– Ну же, Грейс… кому будет от этого плохо? Это же
только для нас двоих… для меня… ну хоть несколько снимков! Я их ни единой душе
не покажу, если тебе они не понравятся! Я обещаю. Шерил ведь права. Ты будешь
изумительной моделью.
– Но я вовсе не хочу становиться моделью, –
отвечала Грейс честно.
– Но почему, Боже ты мой? У тебя есть для этого все!
Рост, внешность, стиль, ты стройна, ты молода… многие девицы душу бы дьяволу
продали, лишь бы заполучить все это! Грейс, будь умницей… ну просто попробуй! С
кем тебе будет проще начать, как не со мной? К тому же я просто хочу иметь твои
фотографии. Мы знакомы только месяц, а я уже скучаю, когда тебя нет рядом.
Он ласково просил, нежно тычась носом ей в шею, и вот к
концу вечера, к собственному изумлению, она сдалась – единственно ради него.

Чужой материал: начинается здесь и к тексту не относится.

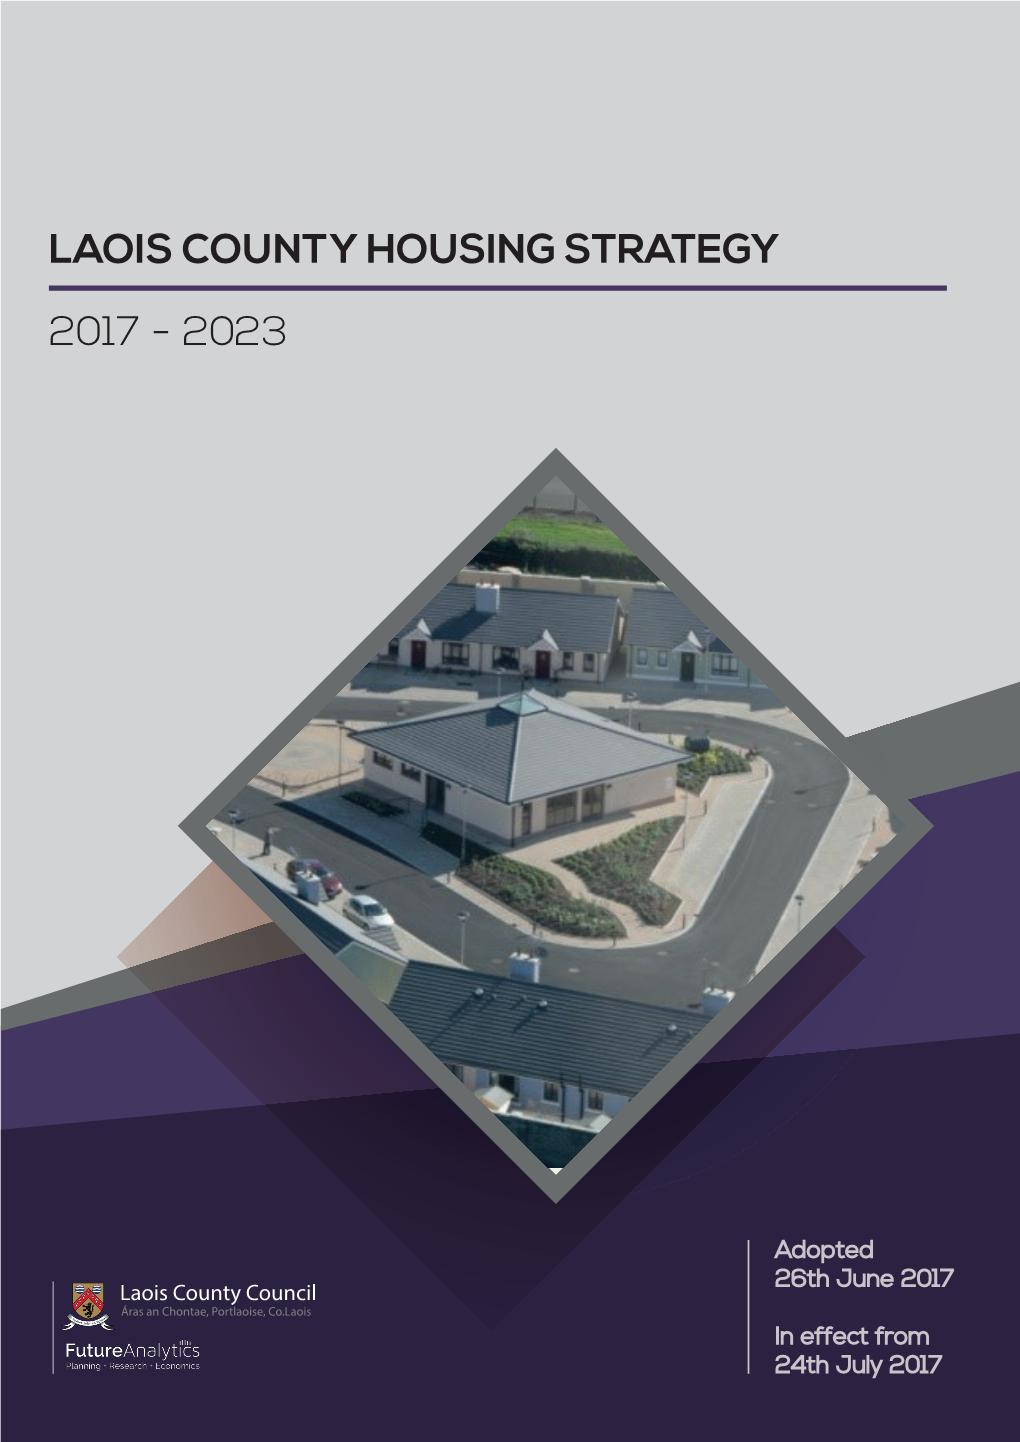 Laois County Housing Strategy 2017

Грейс взяла с него обещание никому не показывать снимки. Они уговорились о
съемке в субботу, и Маркус тотчас же сказал, что отказываться теперь
бесполезно.
– Никак в толк не возьму, чего ты стесняешься? –
смеялся он, колдуя над спагетти на кухне. Тем вечером они вплотную приблизились
к тому, чего так страшилась Грейс, – впервые за все это время. Но в конце
концов она сказала, что надо повременить еще чуть-чуть. У Грейс были как раз
«опасные дни», вовсе не так хотела она начать их отношения. К тому же за неделю
ничего не переменится. Грейс казалось даже, что так будет еще лучше.
Она всю неделю переживала по поводу предстоящей съемки, ей
отчаянно не хотелось становиться центром внимания и уж тем более – сексуальным
объектом. Ей нравилось работать в агентстве с моделями, но стать одной из них –
Боже упаси! Ведь на эту съемку она согласилась только ради Маркуса. И еще для
забавы. Он все на свете делал весело – таким она его знала. И вот в субботу она
появилась на пороге его студии ровно в десять утра, как и было договорено.

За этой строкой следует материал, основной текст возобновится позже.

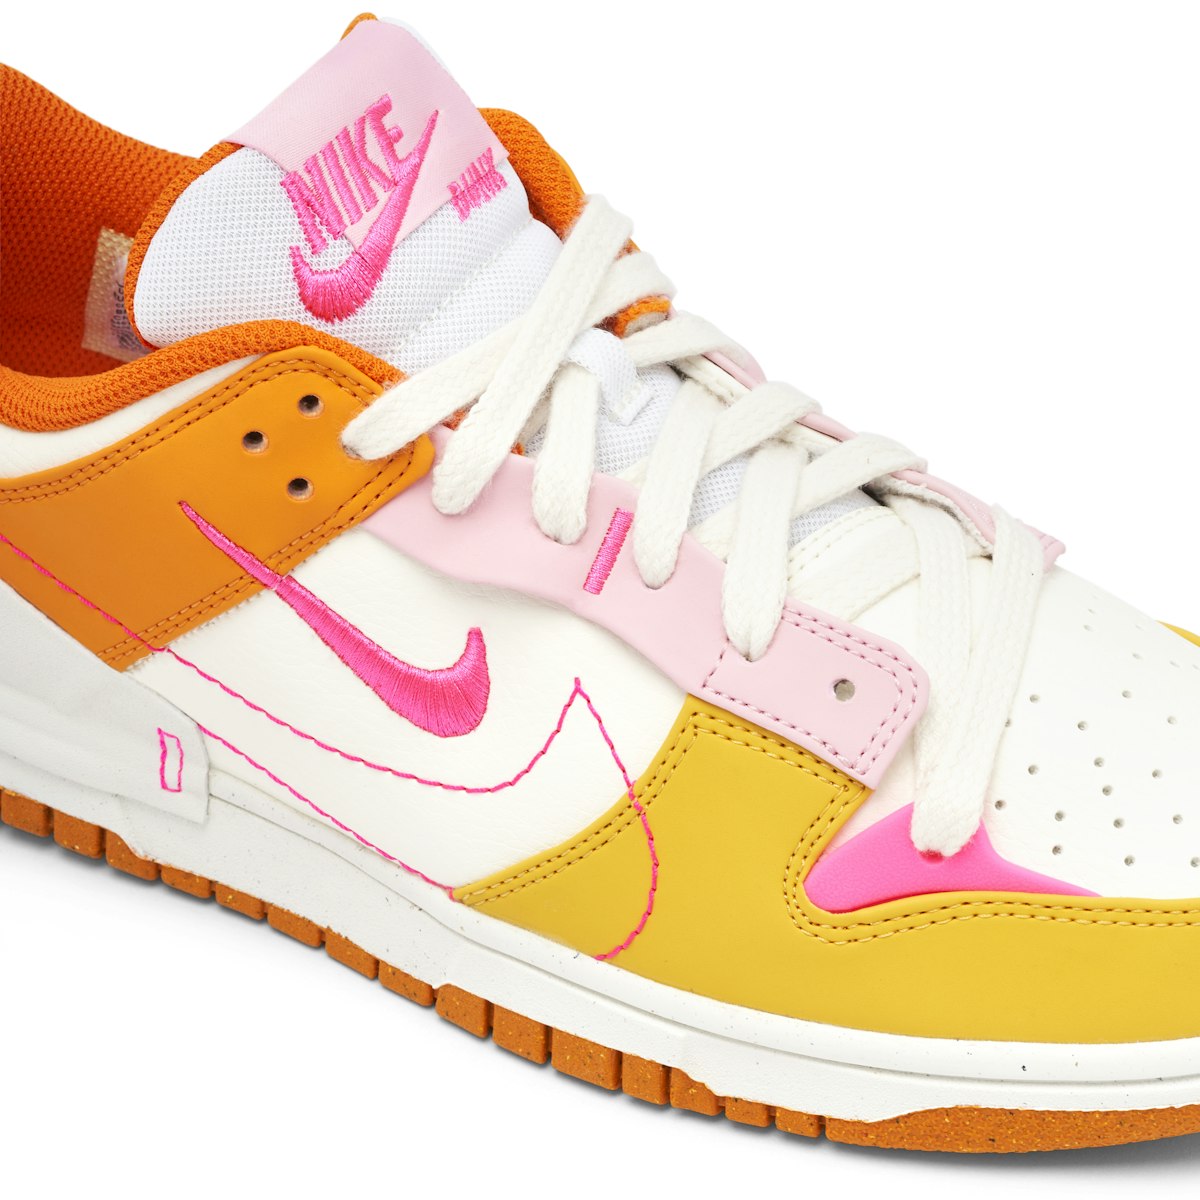 Sundial Accents This Nike Dunk Low
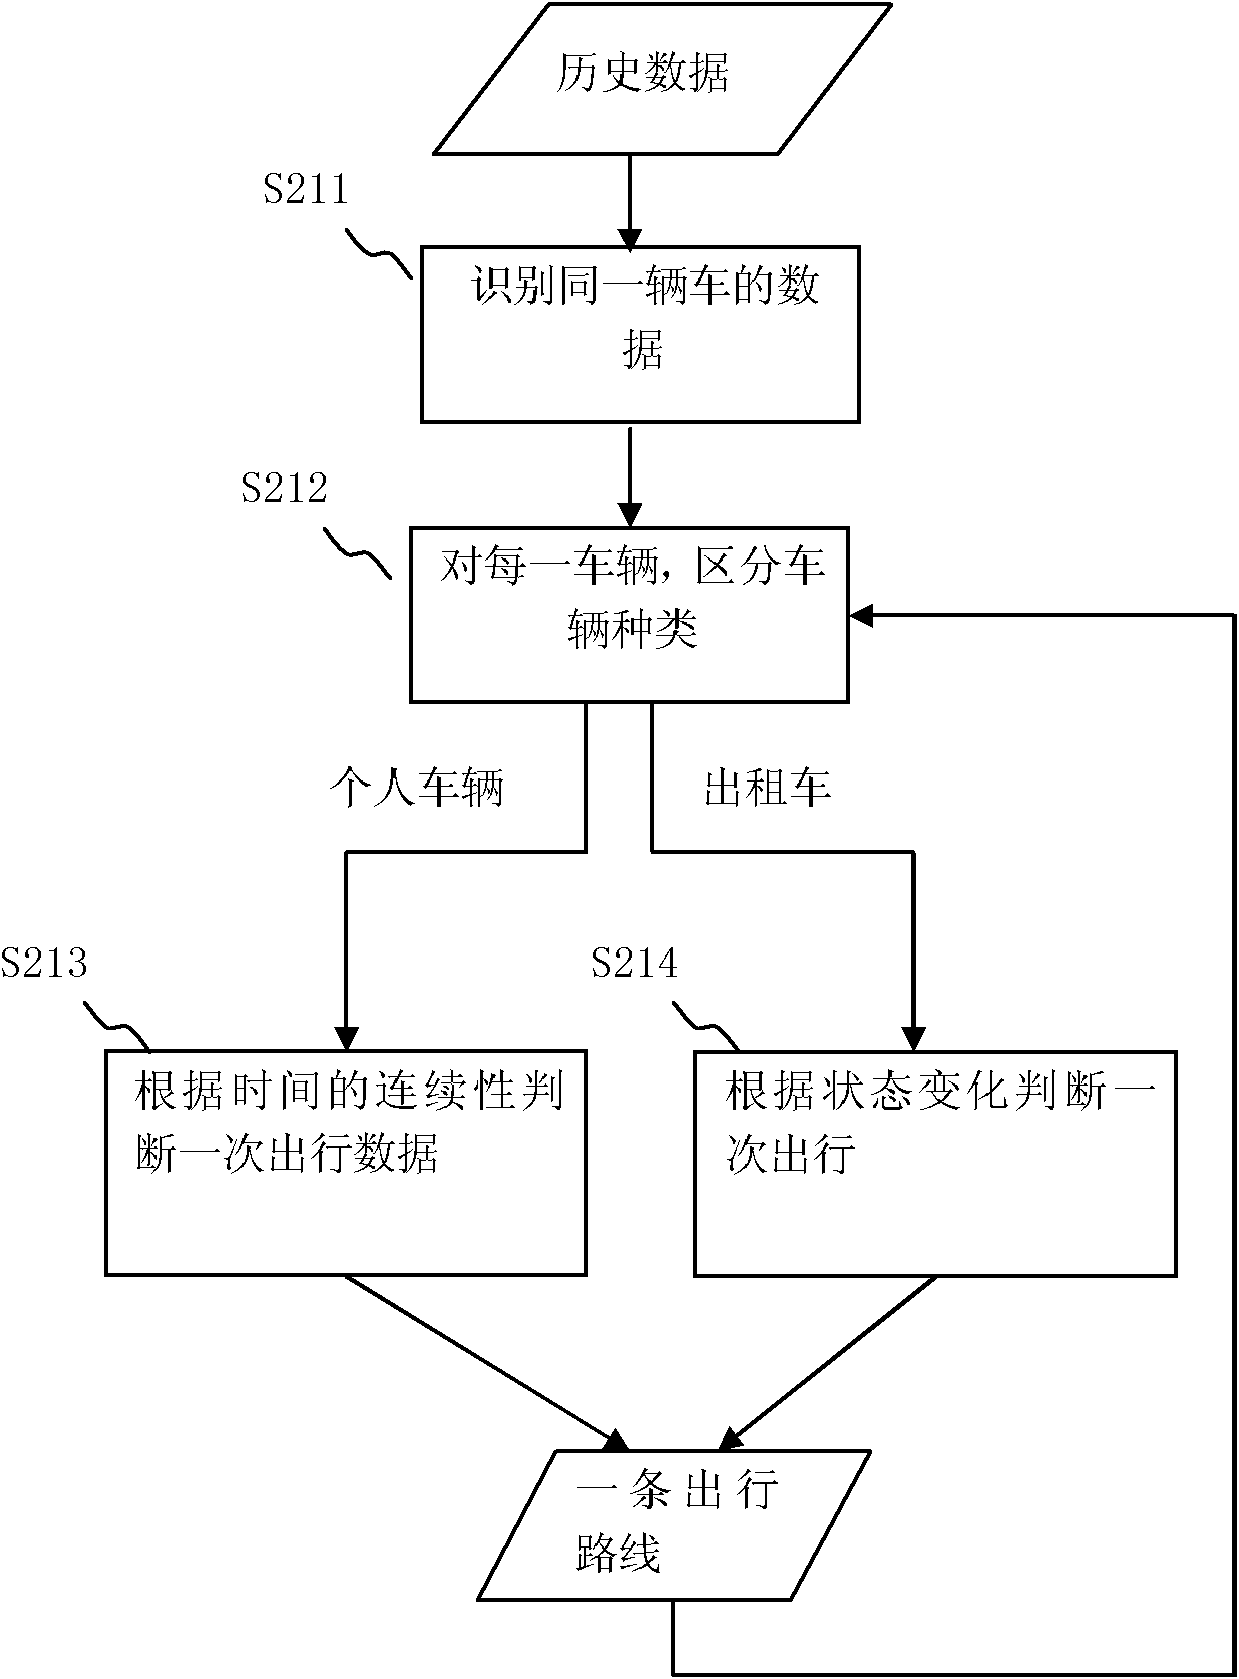 Route searching system and method based on commonly used route

Накануне она провела вечер в клинике, работала допоздна и сильно вымоталась.
Маркус успел сварить кофе и подготовить всю аппаратуру. В
самом центре студии красовалось внушительных размеров кресло, обтянутое белой
кожей, – на него был небрежно наброшен белый песцовый мех. Все, чего хотел
Маркус, – это чтобы Грейс небрежно уселась туда в джинсах и белой майке.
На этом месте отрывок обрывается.